◆ Task to carry out ◆
Every line of the listing must be reproduced as it stands. Leave the images behind.

◆ Stored data ◆

- Opening Delimiter -

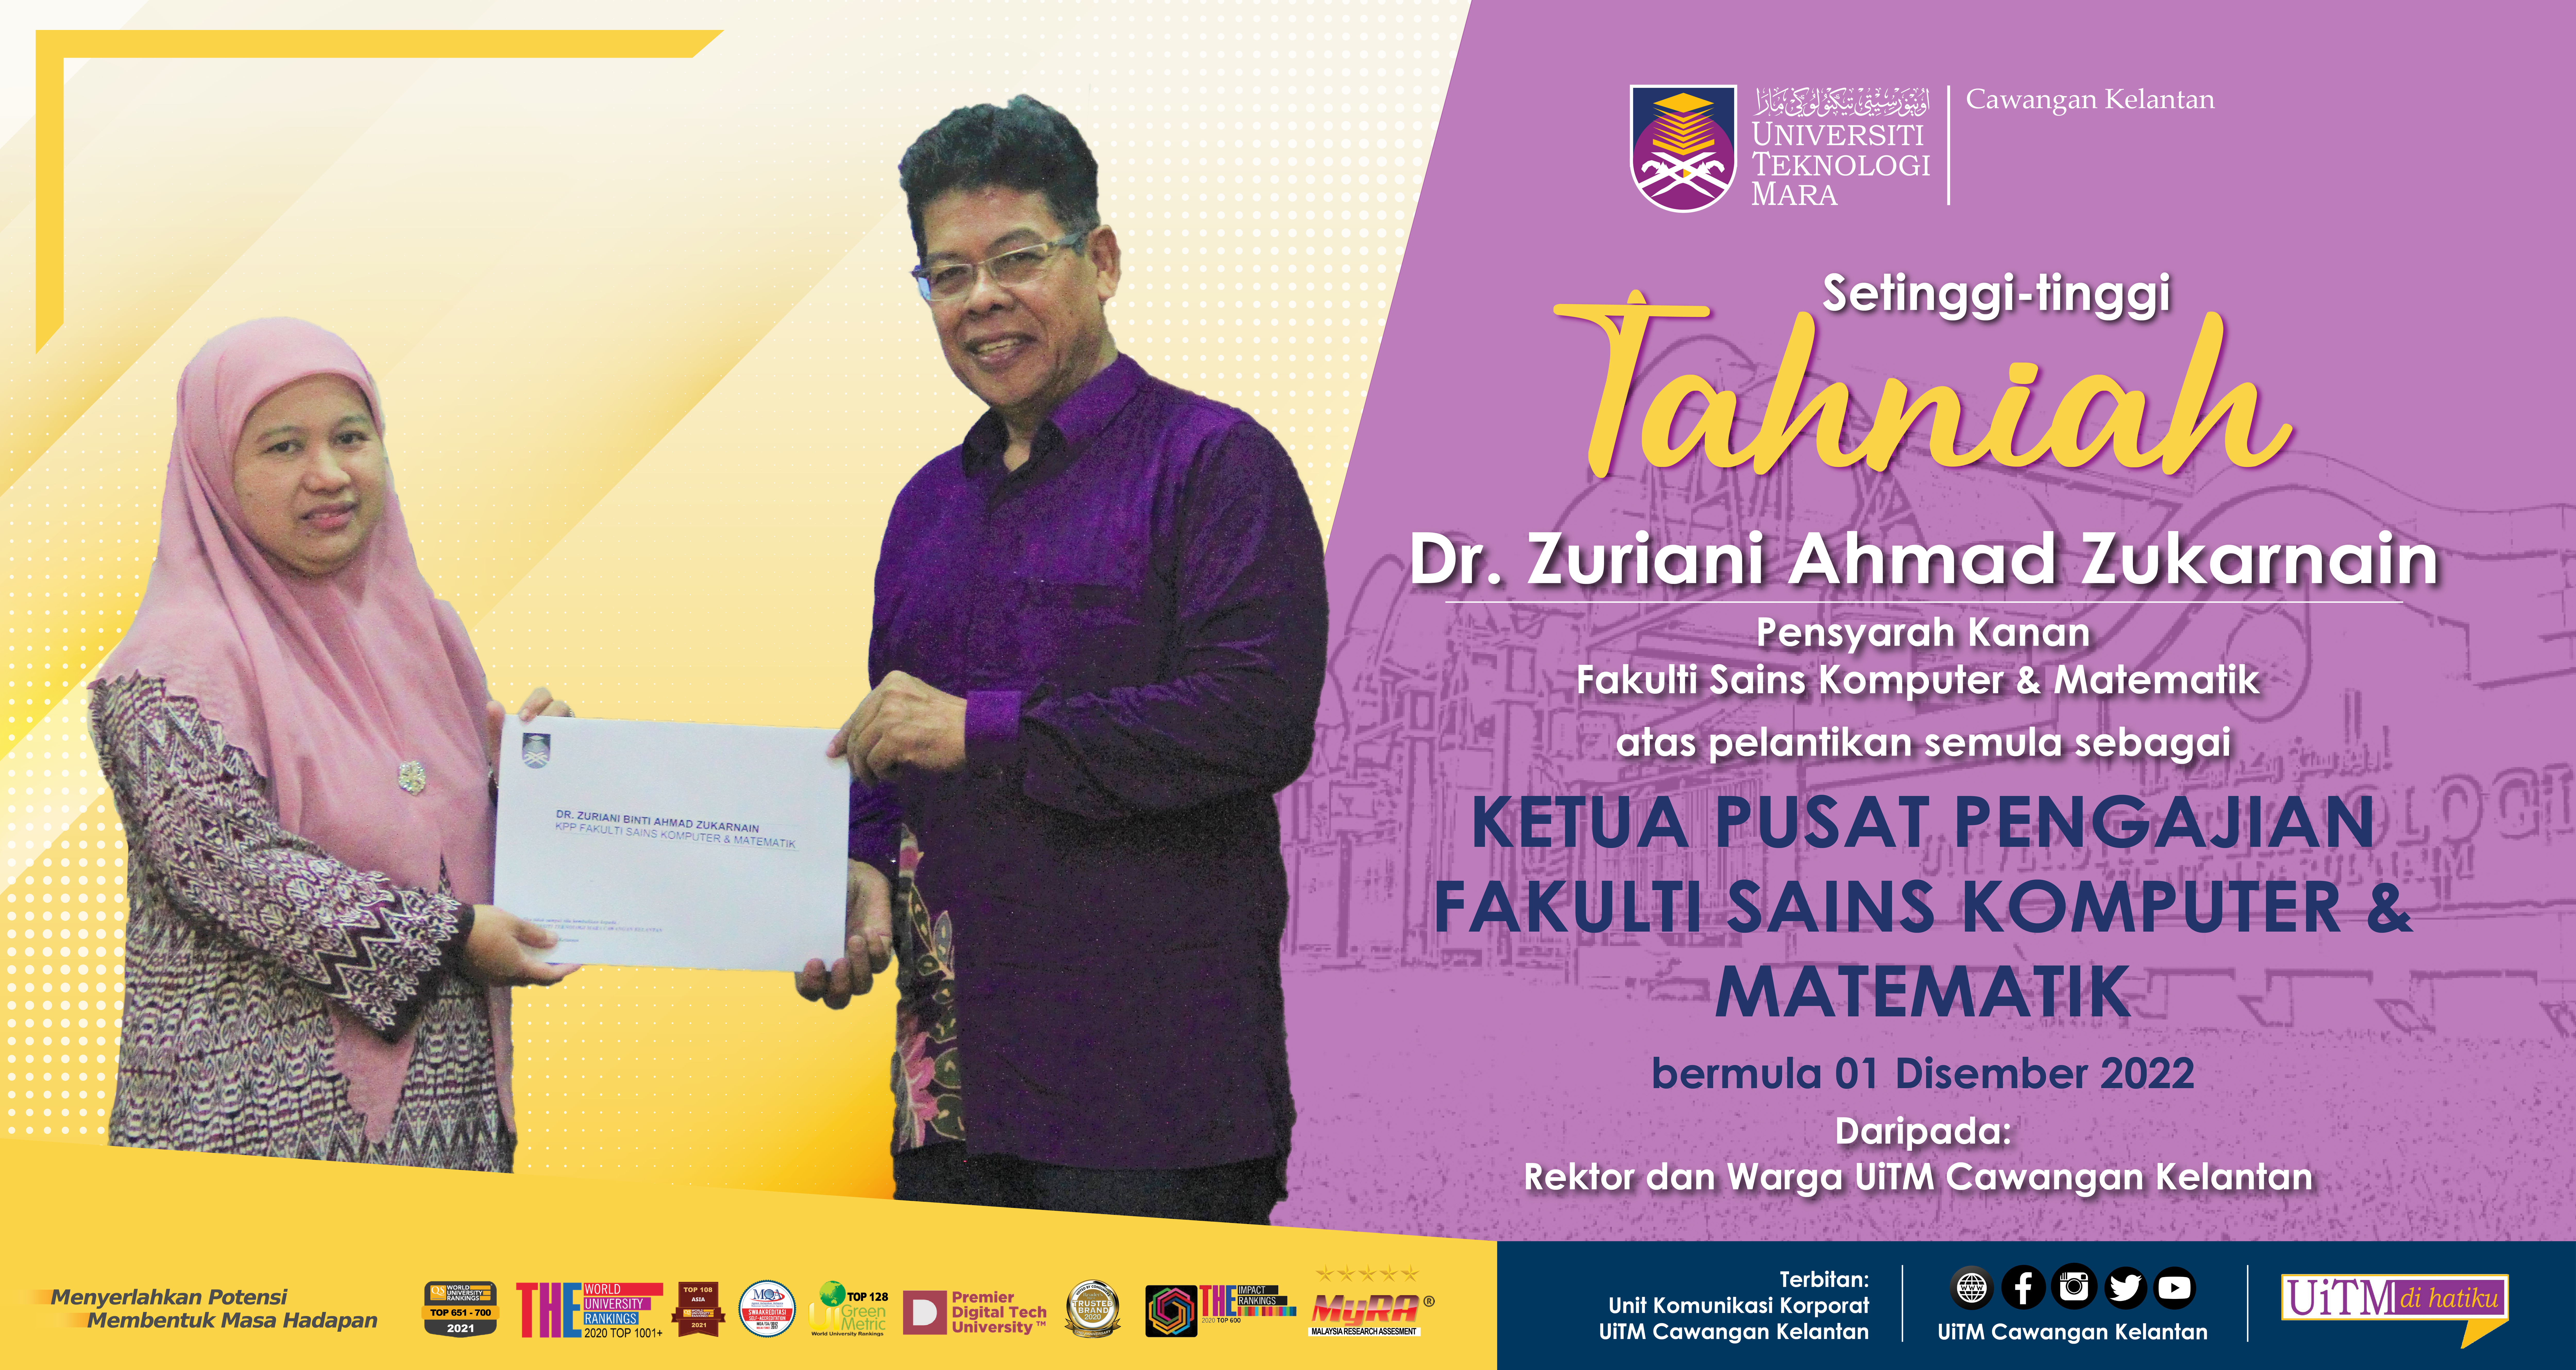 Tahniah!!! Dr. Zuriani Ahmad Zukarnain, Ketua Pusat Pengajian Fakulti Sains Komputer & Matematik
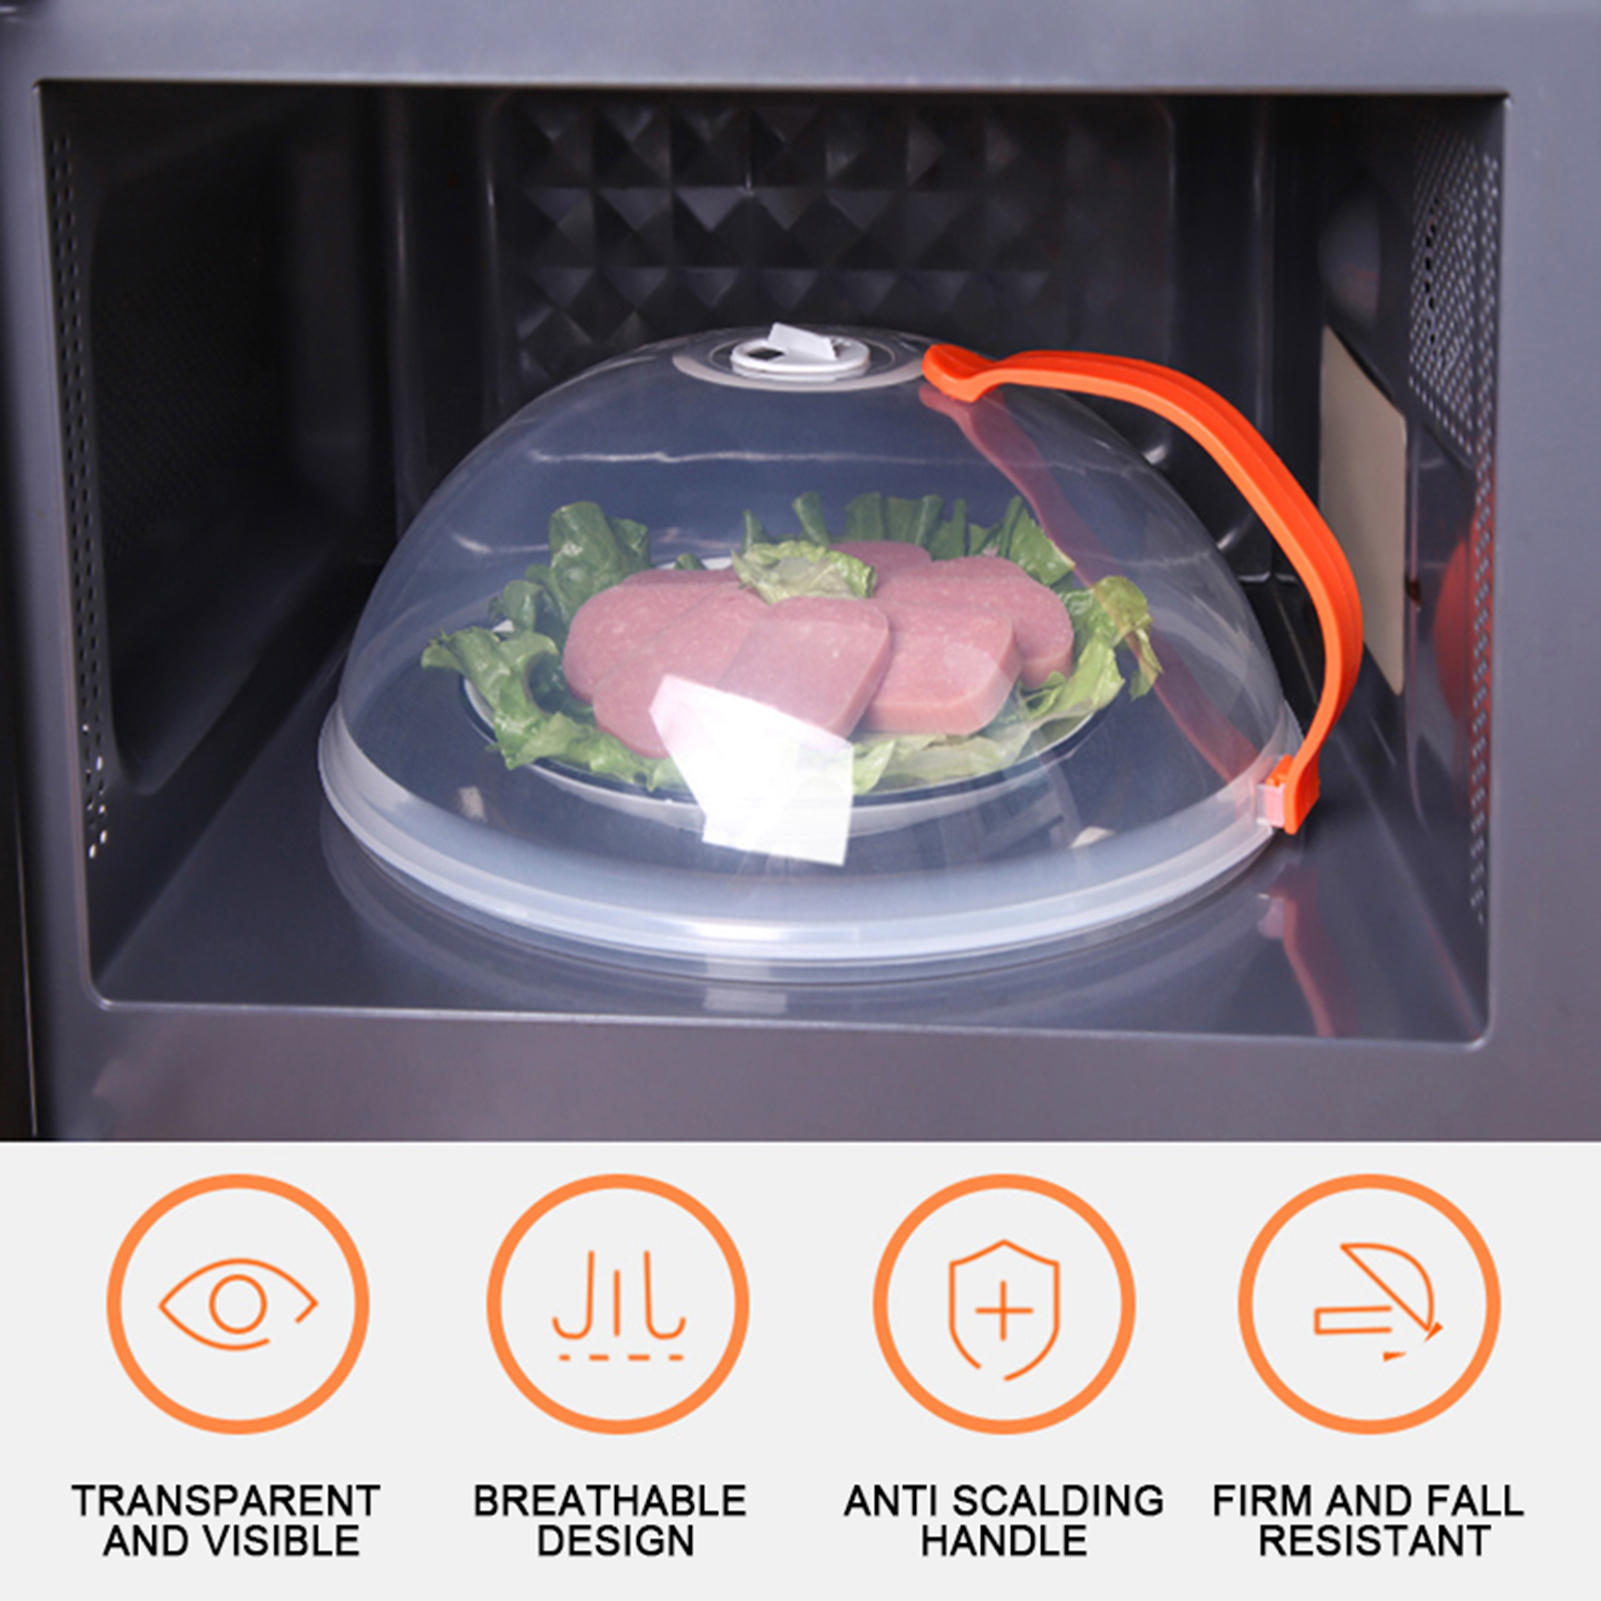 Nắp đậy Lò Vi Sóng chống bám bẩn - Nhựa PC dẻo. Dụng cụ nhà bếp Tiện dụng Đa Năng dùng như lòng bàn bảo vệ thực phẩm trên bàn ăn, chịu nhiệt cao đến 200°C, chống văng và bám bẩn trong lò vi sóng Microwave
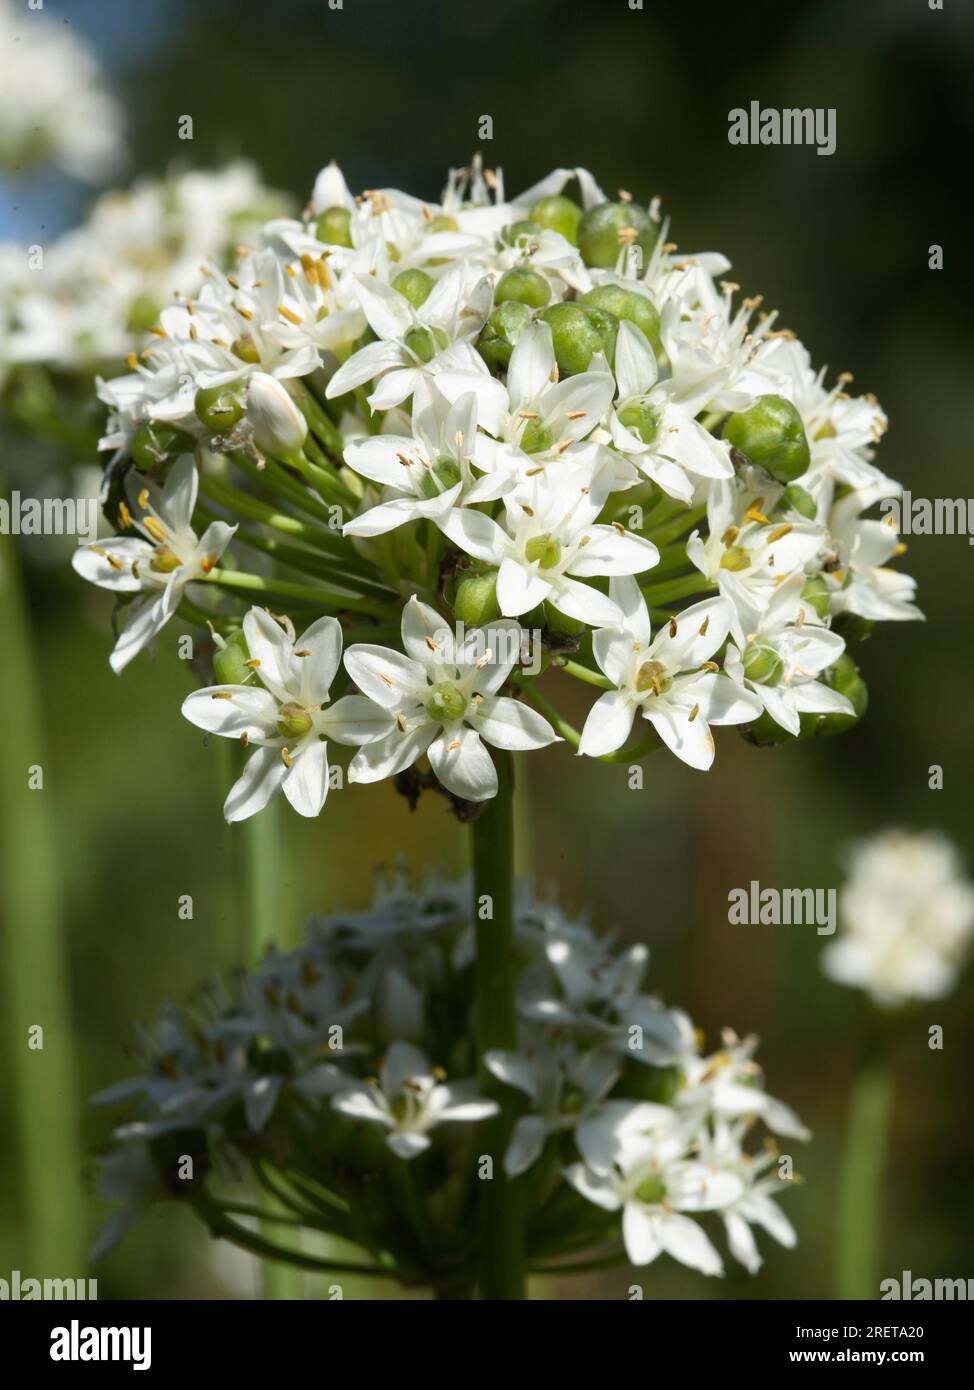 'New Belt' - Chive Garlic Chives (Allium tuberosum) Stock Photo

- Closing Delimiter -

◆ Result for this task ◆
 Tahniah!!! Dr. Zuriani Ahmad Zukarnain, Ketua Pusat Pengajian Fakulti Sains Komputer & Matematik
 Nắp đậy Lò Vi Sóng chống bám bẩn - Nhựa PC dẻo. Dụng cụ nhà bếp Tiện dụng Đa Năng dùng như lòng bàn bảo vệ thực phẩm trên bàn ăn, chịu nhiệt cao đến 200°C, chống văng và bám bẩn trong lò vi sóng Microwave
 'New Belt' - Chive Garlic Chives (Allium tuberosum) Stock Photo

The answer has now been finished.